Evangelical Christians - including best selling author Rick Warren - broke with the Republican Party this week by launching a campaign to stop global warming. The campaign includes a letter (reprinted below) calling for congressional and presidential action on global warming, a website, and also includes a television commercial to be aired later.
The campaign was launched after the National Association of Evangelicals caved under pressure from leading activists in the Religious Right and refused - as hoped - to release their own statement on global warming.
"James Dobson, head of Focus on the Family; Charles Colson, founder of Prison Fellowship Ministries; the Rev. Richard Land of the Southern Baptist Convention; Richard Roberts, president of Oral Roberts University; Donald Wildmon, head the American Family Association; and the Rev. Louis Sheldon, head of the Traditional Values Coalition," were among those reported by MSNBC who signed a letter telling the National Association of Evangelicals not to release a statement.

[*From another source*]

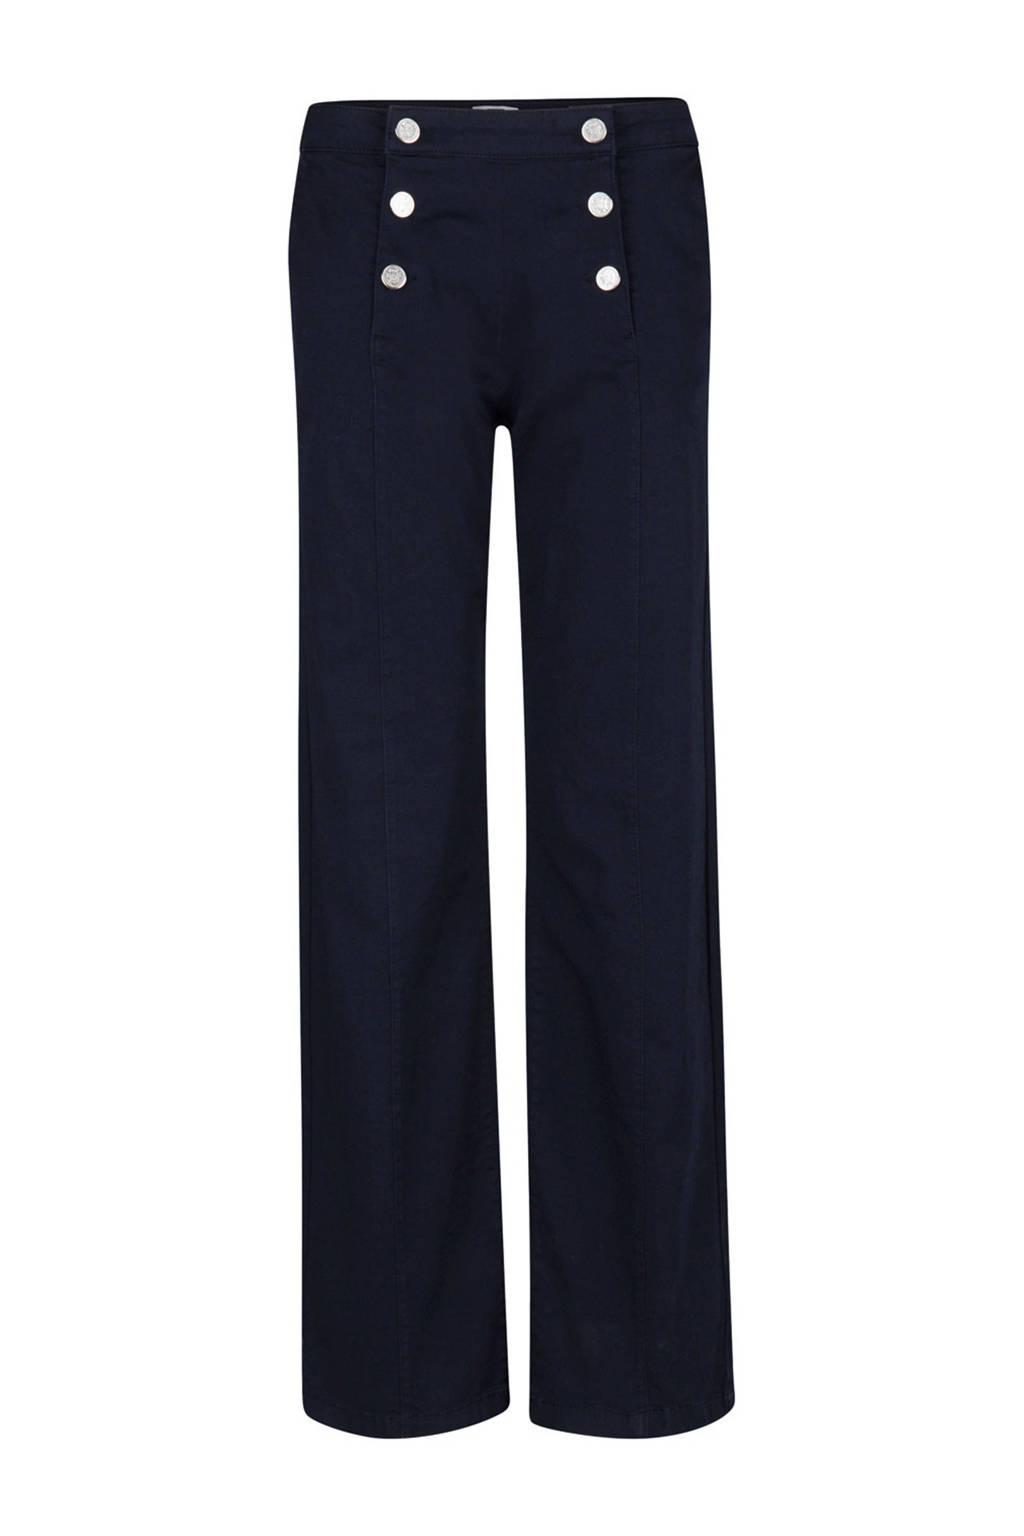 WE Fashion loose fit broek blauw, Donkerblauw

The Republican Party-aligned Institute on Religion and Democracy also called on the National Association of Evangelicals not to question President Bush's policies.

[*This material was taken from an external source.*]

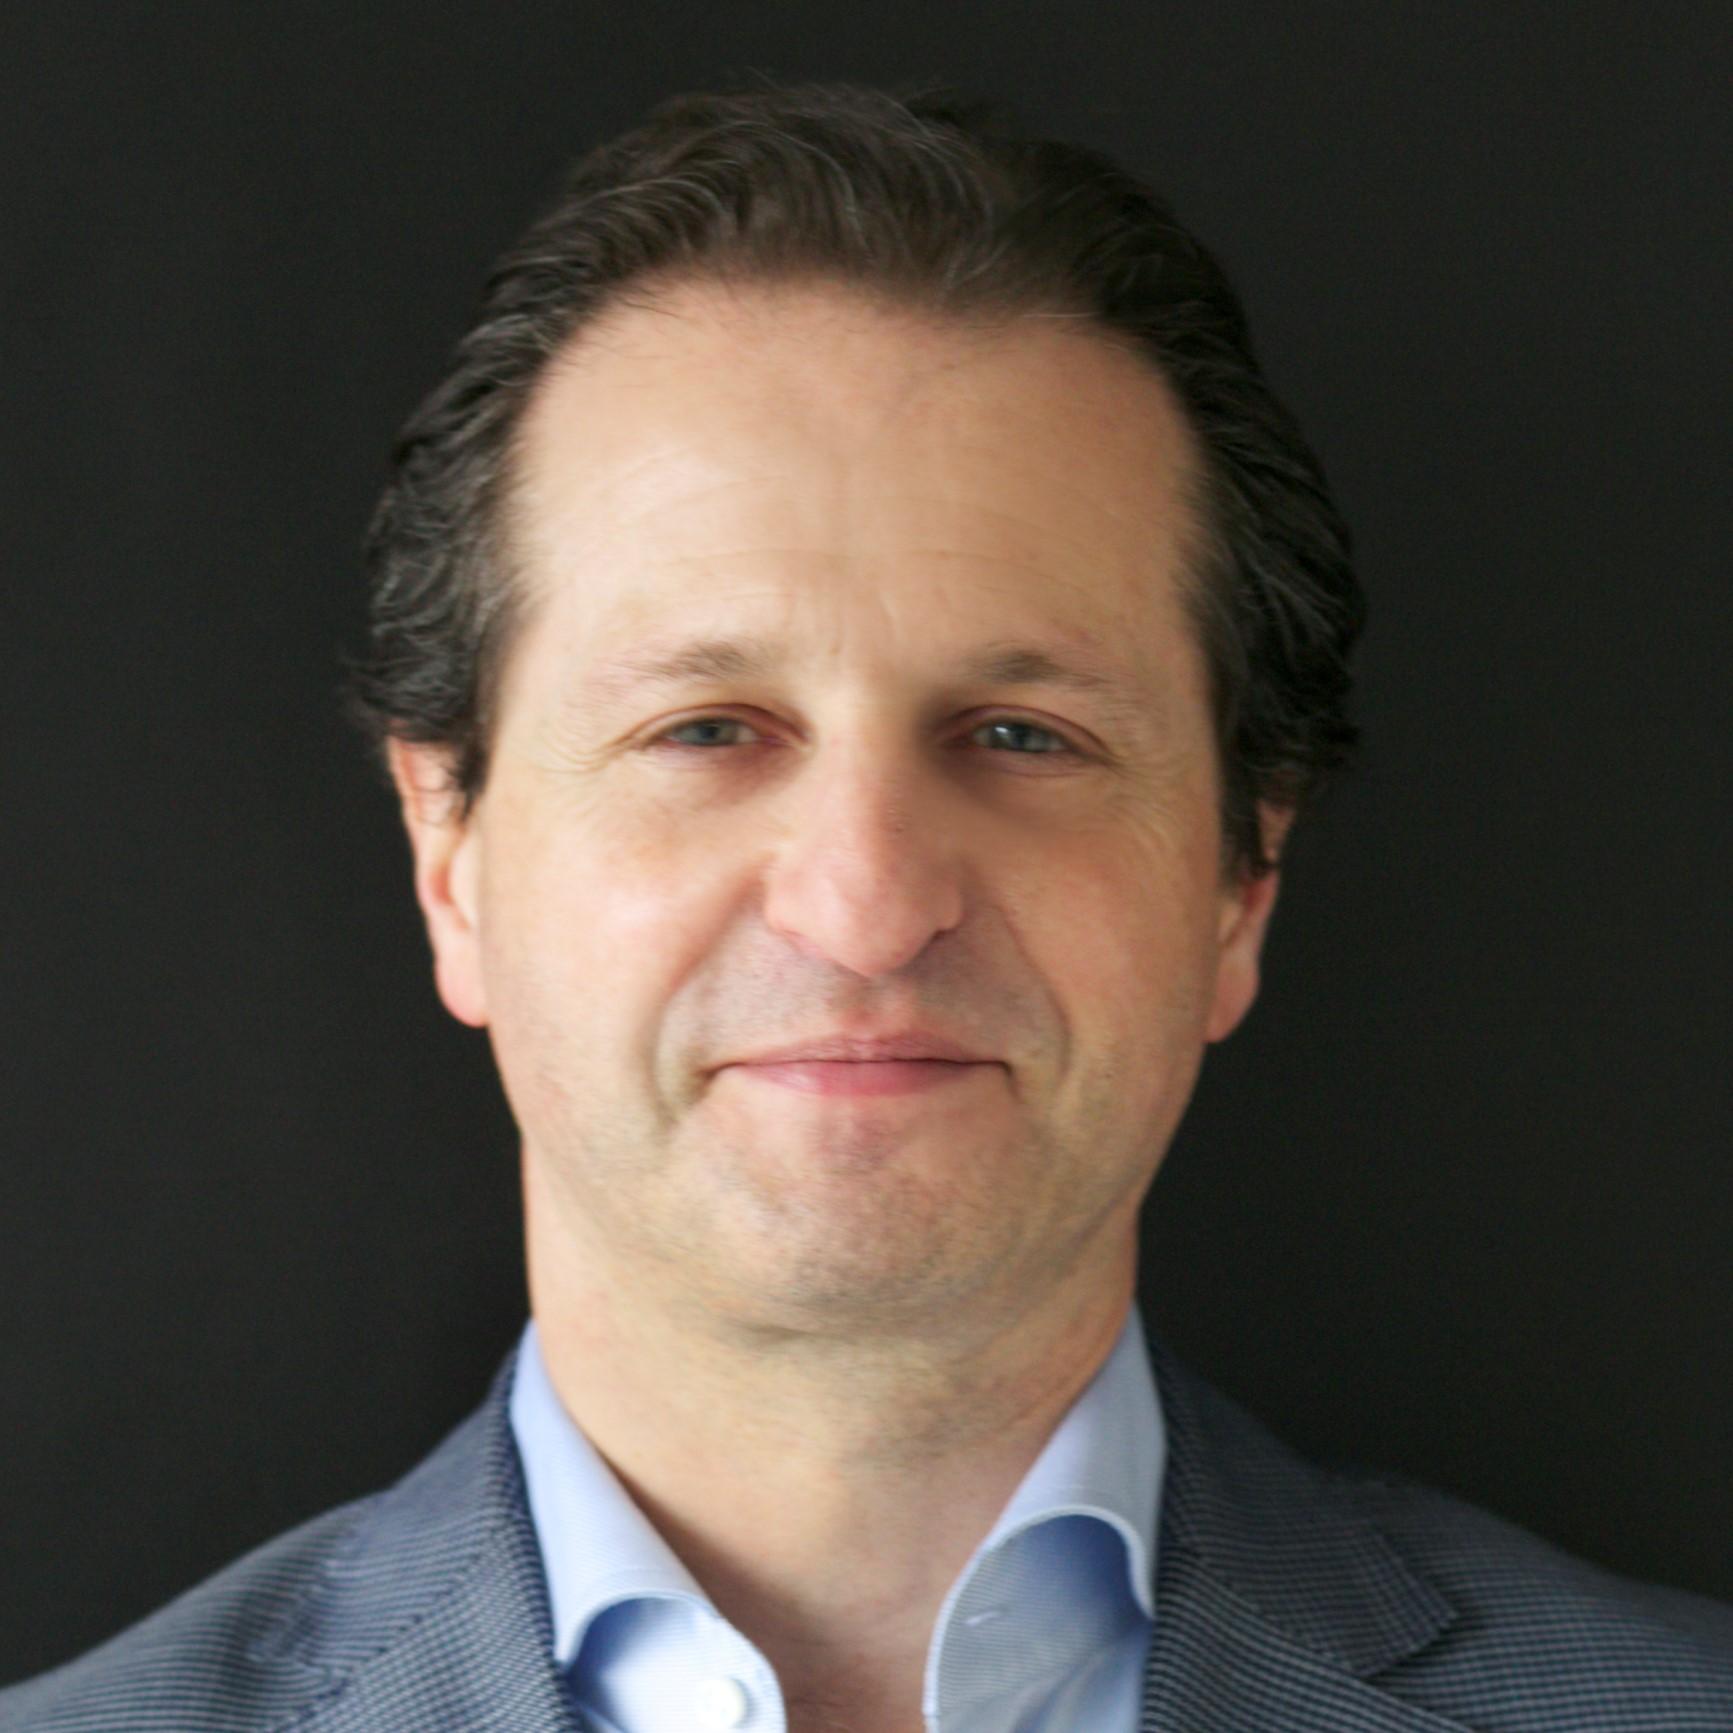 Peter Durlach

However, many prominent evangelicals put their faith ahead of politics and did release a statement:
Climate Change: An Evangelical Call to Action
Preamble
As American evangelical Christian leaders, we recognize both our opportunity and our responsibility to offer a biblically based moral witness that can help shape public policy in the most powerful nation on earth, and therefore contribute to the well-being of the entire world.1 Whether we will enter the public square and offer our witness there is no longer an open question. We are in that square, and we will not withdraw.
We are proud of the evangelical community's long-standing commitment to the sanctity of human life. But we also offer moral witness in many venues and on many issues. Sometimes the issues that we have taken on, such as sex trafficking, genocide in the Sudan, and the AIDS epidemic in Africa, have surprised outside observers. While individuals and organizations can be called to concentrate on certain issues, we are not a single-issue movement. We seek to be true to our calling as Christian leaders, and above all faithful to Jesus Christ our Lord. Our attention, therefore, goes to whatever issues our faith requires us to address.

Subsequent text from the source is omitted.